The EU favours parallel trade on the principles that trade is good. Trade usually benefits consumers because it occurs when one country is more efficient or has lower costs of producing a product. However, in the case of pharmaceuticals, parallel trade is occurring not because particular countries are more efficient producers, but because their governments are more aggressive regulators. The trans-shipping occurs from countries with aggressive regulation to countries with less aggressive regulation. In this case, parallel trade does not benefit consumers. Thus, in the case of R&D-intensive products that have patents, such as drugs, there is not an economic case for free trade.

Regulation and innovation

Countries that have freer pricing for pharmaceuticals have companies that are more innovative. The countries that are clear leaders in innovation are the US and the UK (as defined by the number of new chemical entities they have produced that have become global products, and are recognized as being medically innovative). The US has free pricing except for the Medicaid program, and in the UK new drug pricing is relatively free from regulation, although there are some controls. A company's R&D is recognized as being a legitimate cost on which a return is permitted.

By contrast, Japan, which is usually considered a leader in innovation in high-tech industries, has produced many new compounds but very few truly innovative compounds, at least until recently. There is evidence that this is related to the Japanese system of price control, the effect of which is to give manufacturers a strong incentive to introduce a lot of minor innovations in order to get a new, higher price. In Japan, the interaction of regulation and competition lead to sharp post-launch price declines. If you want a new price, you introduce a new version of your drug. Japanese companies had not developed many innovative drugs until they became global companies and had access to other markets. France and Italy, which also have very strict price control systems, have lagged in terms of innovation in this industry, although they have performed well in other industries.

Reference price systems regulate reimbursement. The manufacturer can still, in theory, charge a higher price, and the consumer is free to pay it. But in practice, in countries like Germany, New Zealand, or the Netherlands, manufacturers generally drop their prices to the reference price, so the reference price becomes a cap. Reference pricing is fairly benign if confined to generic substitutes because then it only applies to products that are off-patent. However, when applied to therapeutic substitutes that include fairly broadly defined groups, there is no incentive for a manufacturer to develop an improved version of a product for an existing therapeutic group. It will simply be classified in with the existing product, and no additional price margin will be allowed, so you cannot recoup the returns on that investment. Companies will tend not to put drugs onto these markets for fear of what that lower price will do in other world markets. A company cannot afford to have that low price in a country like New Zealand because it may diffuse to other countries through the international comparison system of regulation.

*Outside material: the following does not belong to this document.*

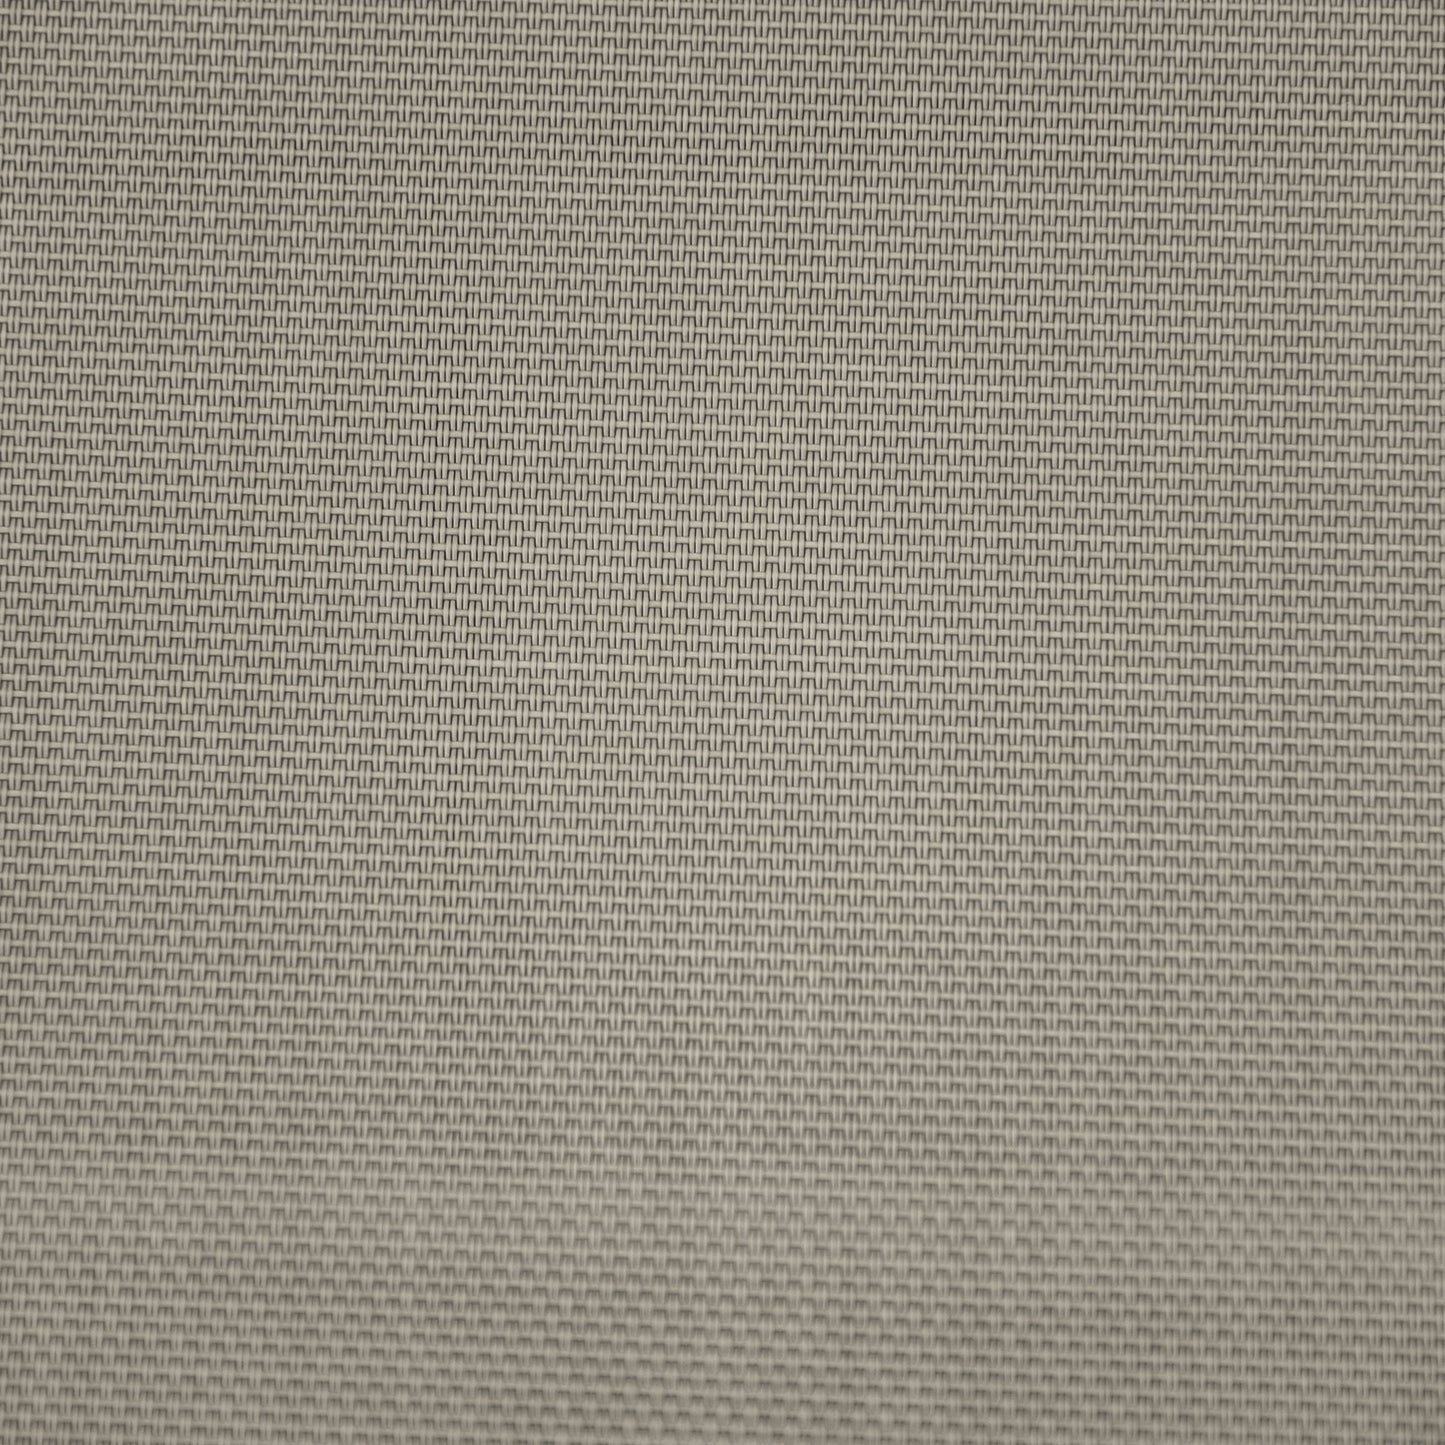 Chaise de jardin Nancy's Fort Myers - Chaise longue - Aluminium - Blanc argenté/gris clair - 165 x 61 x 63 cm

Some of these same regulatory techniques are being used in managed care in the US. Managed care entities use formularies, which are similar to reference pricing. The formulary only pays the generic price for a particular molecule, or in some cases, therapeutic substitution. However, generic substitution exists in approximately 80 percent of health maintenance organizations (HMOs), while therapeutic substitution is less common. One reason is that competing plans have to satisfy doctors and patients, so a plan that has very aggressive therapeutic substitution may be unappealing to patients. Therefore, managed care plans are willing to pay for innovative drugs. Truly innovative drugs are on the formularies of most major managed care plans. Managed care appears to provide a system subject to more market constraints, and seems to be able, from the evidence so far, to preserve incentives for innovation.

Conclusion

Price control for pharmaceuticals and other forms of medical services is only appropriate when there is extensive insurance, because insurance protects patients from the cost of medical services, and protecting people from the cost tends to make them indifferent to cost. The consequence can be overuse of care and excessive prices, so insurance appropriately includes some sorts of controls or possibly co-payments. However, cost controls imposed by government become regulation, and this becomes particularly pernicious when it is done by a government that is the only player in town.

Governments control the manufacturer's price either directly or indirectly through such policies as reference pricing. However, price controls do not control total expenditures because total expenditures depend on price, volume, and on the mix of drugs. Consequently, countries committed to controlling expenditures have had to add other controls. For instance, Germany, after introducing reference pricing, introduced direct price controls, then a national limit on total expenditure for pharmaceuticals, with physicians responsible for any budget overruns.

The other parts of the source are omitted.